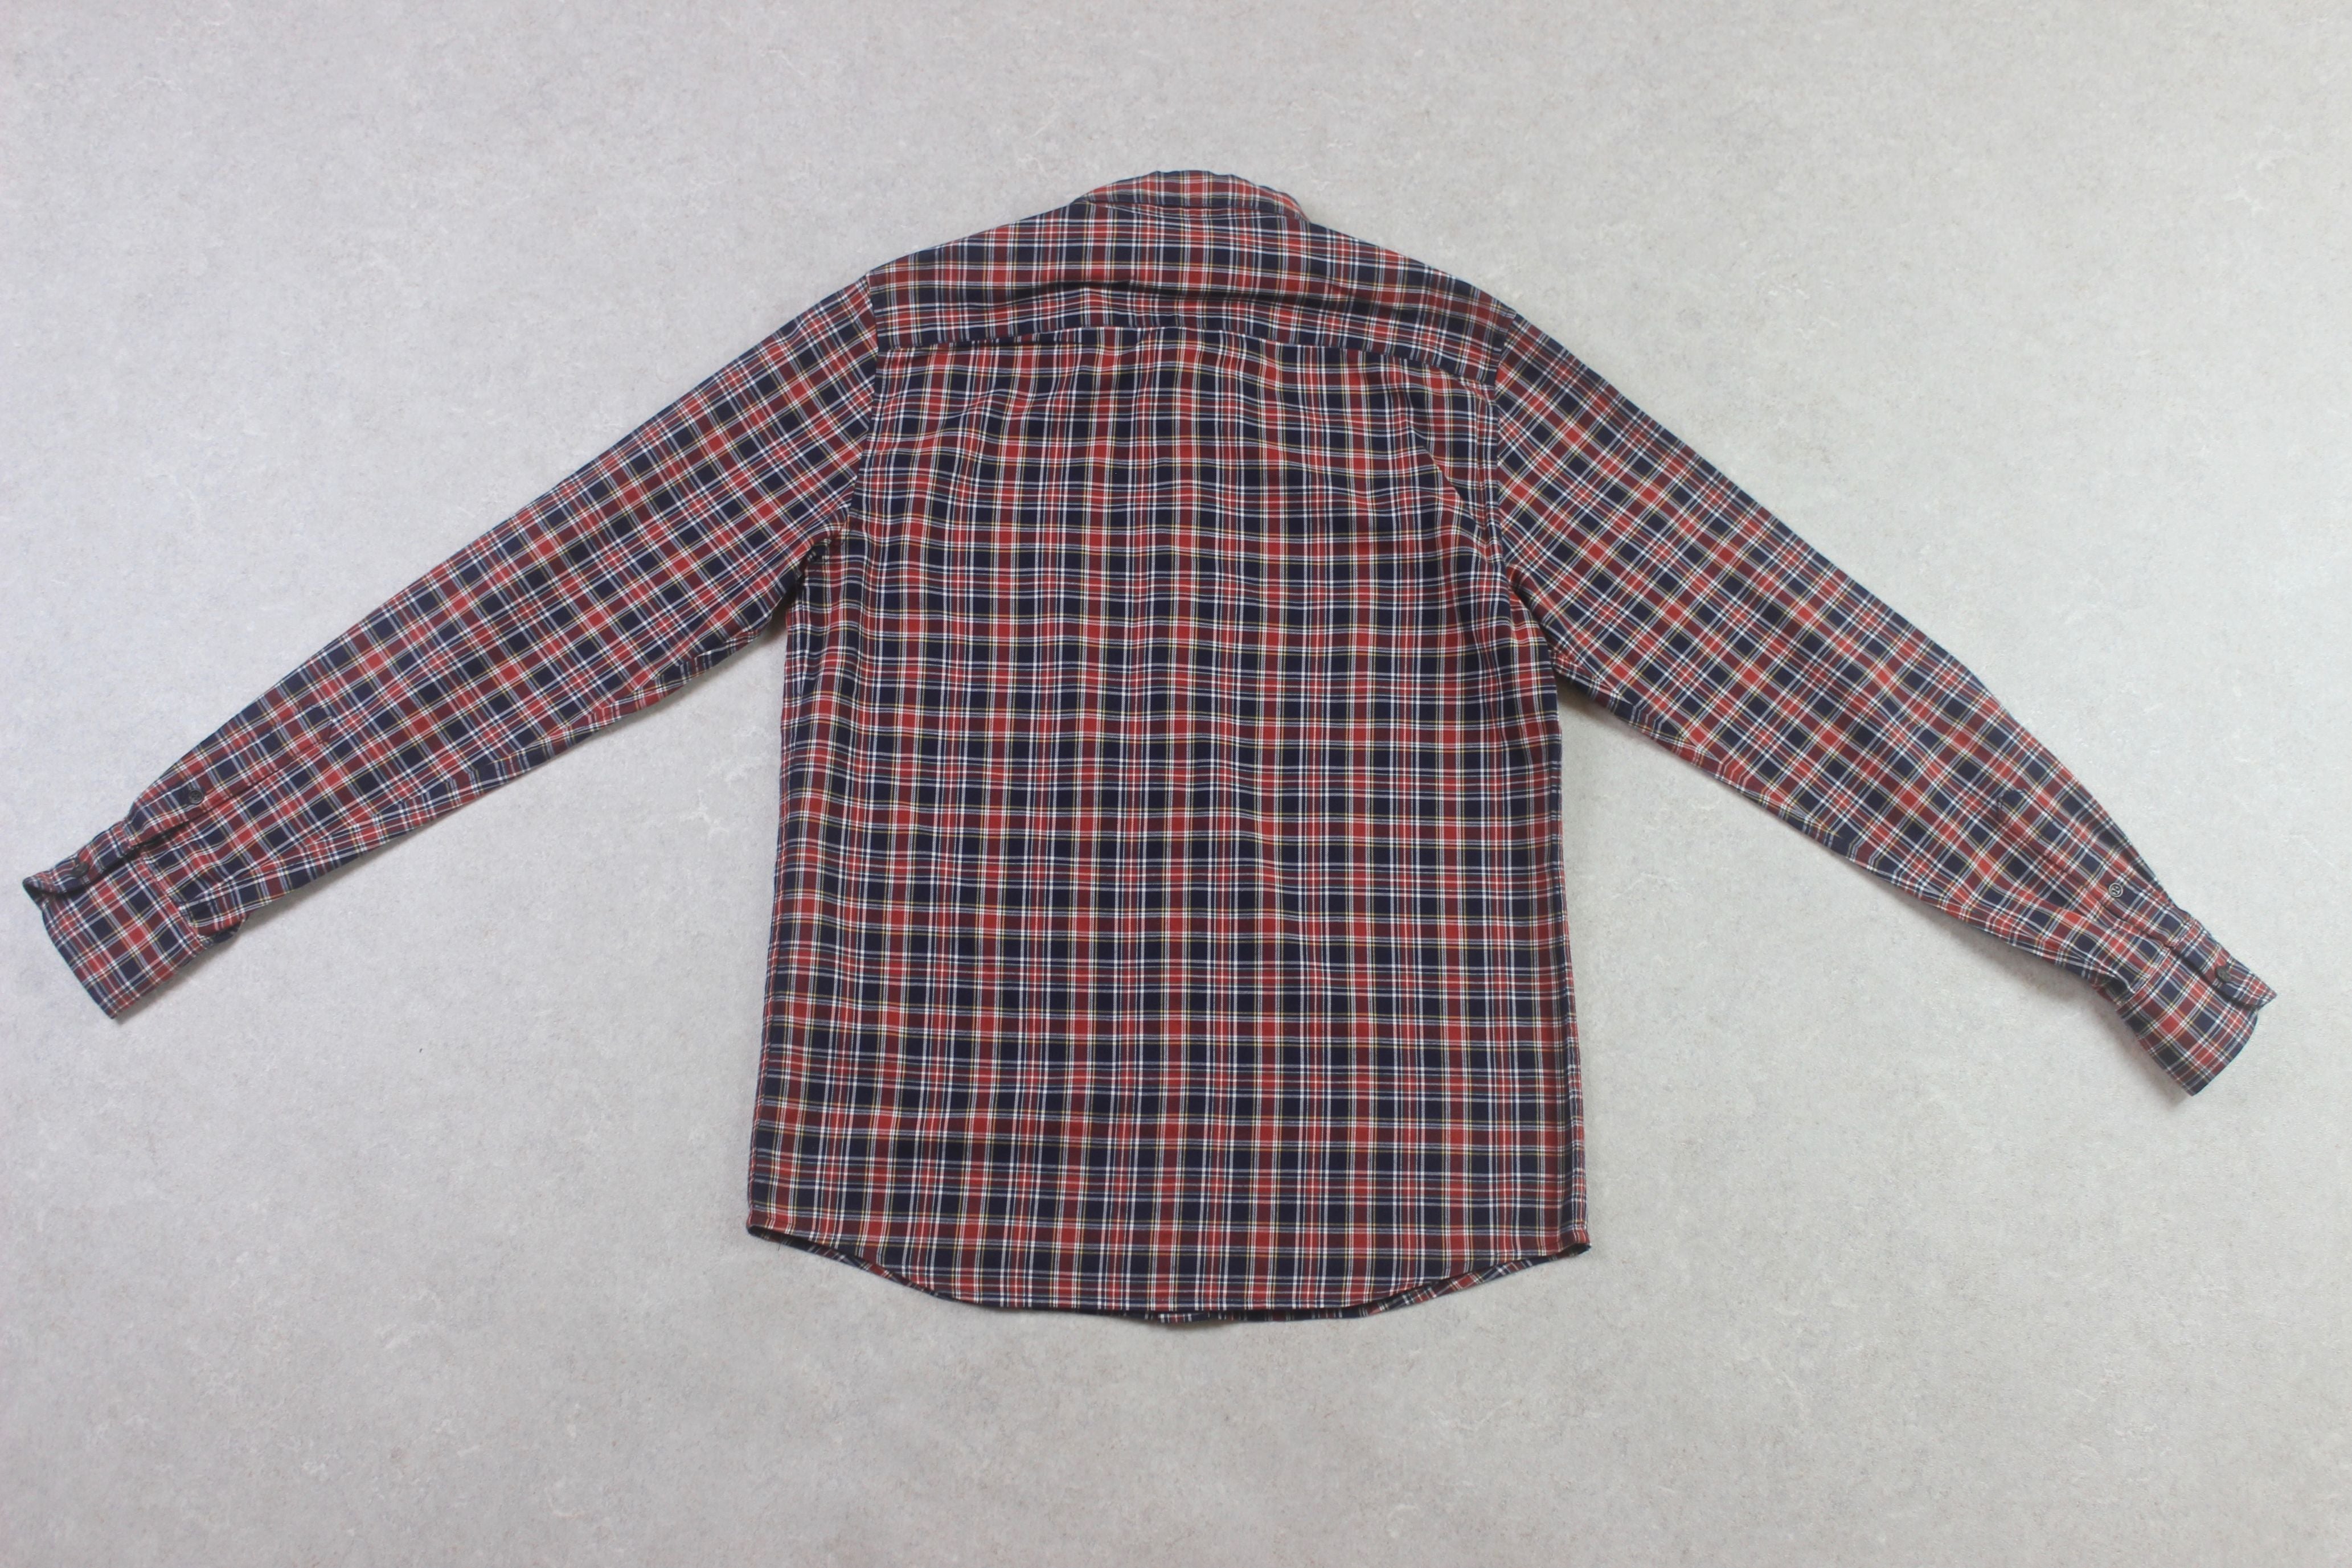 A.P.C. - Shirt - Red/Navy Blue Check - Small
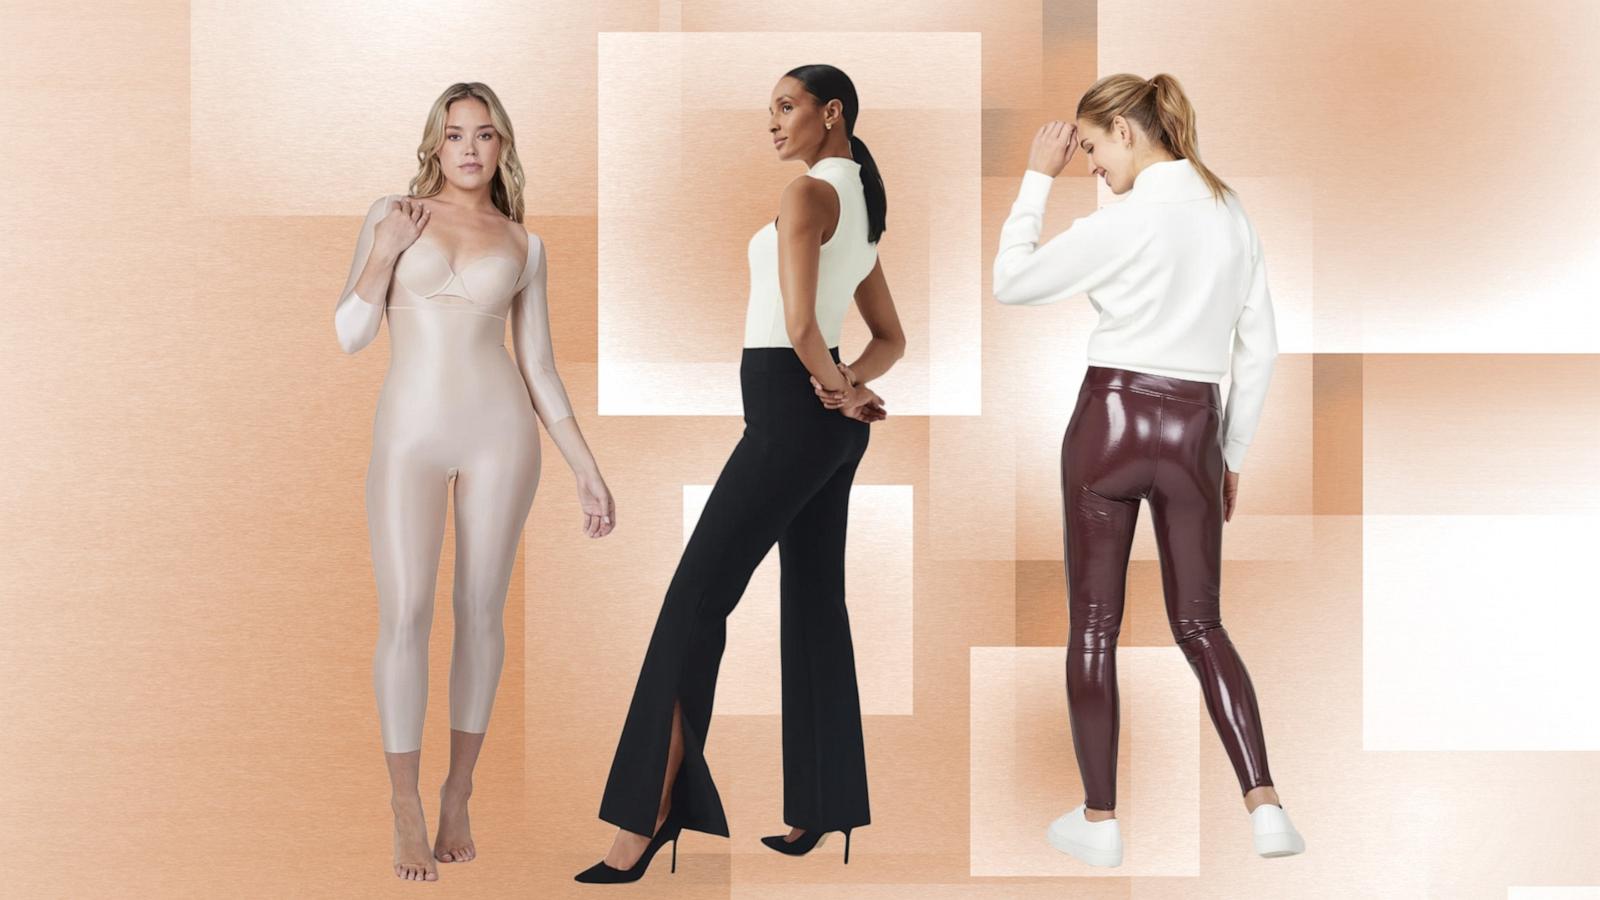 The Spanx End of Season Sale ends today: Get up to 70% off
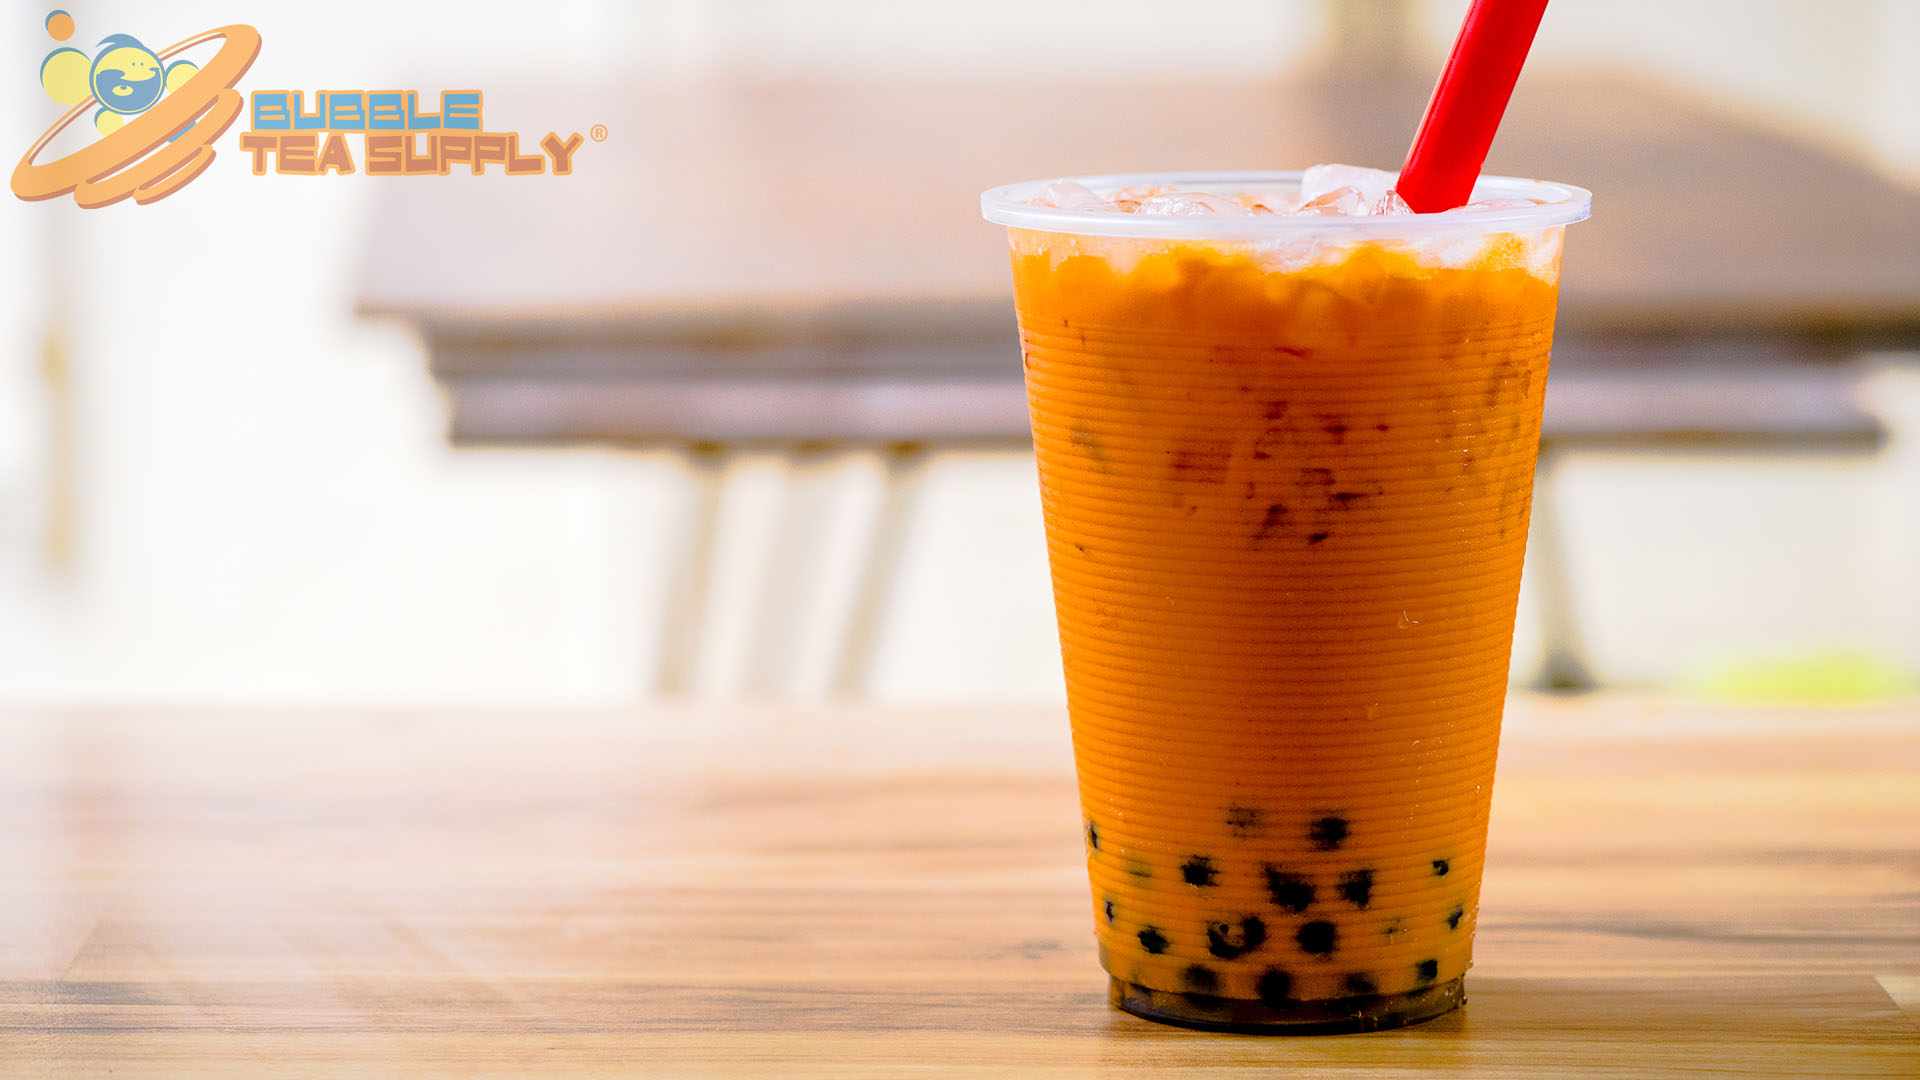 How To Make Instant Thai Tea Bubble Tea With Boba Tapioca Pearls Bubble Tea Supply Blog,How To Saute Onions And Mushrooms
--------------------
# How to complete this task
Output each line above exactly as it stands, omitting the pictures.

# Result of this exercise
 A.P.C. - Shirt - Red/Navy Blue Check - Small
 The Spanx End of Season Sale ends today: Get up to 70% off
 How To Make Instant Thai Tea Bubble Tea With Boba Tapioca Pearls Bubble Tea Supply Blog,How To Saute Onions And Mushrooms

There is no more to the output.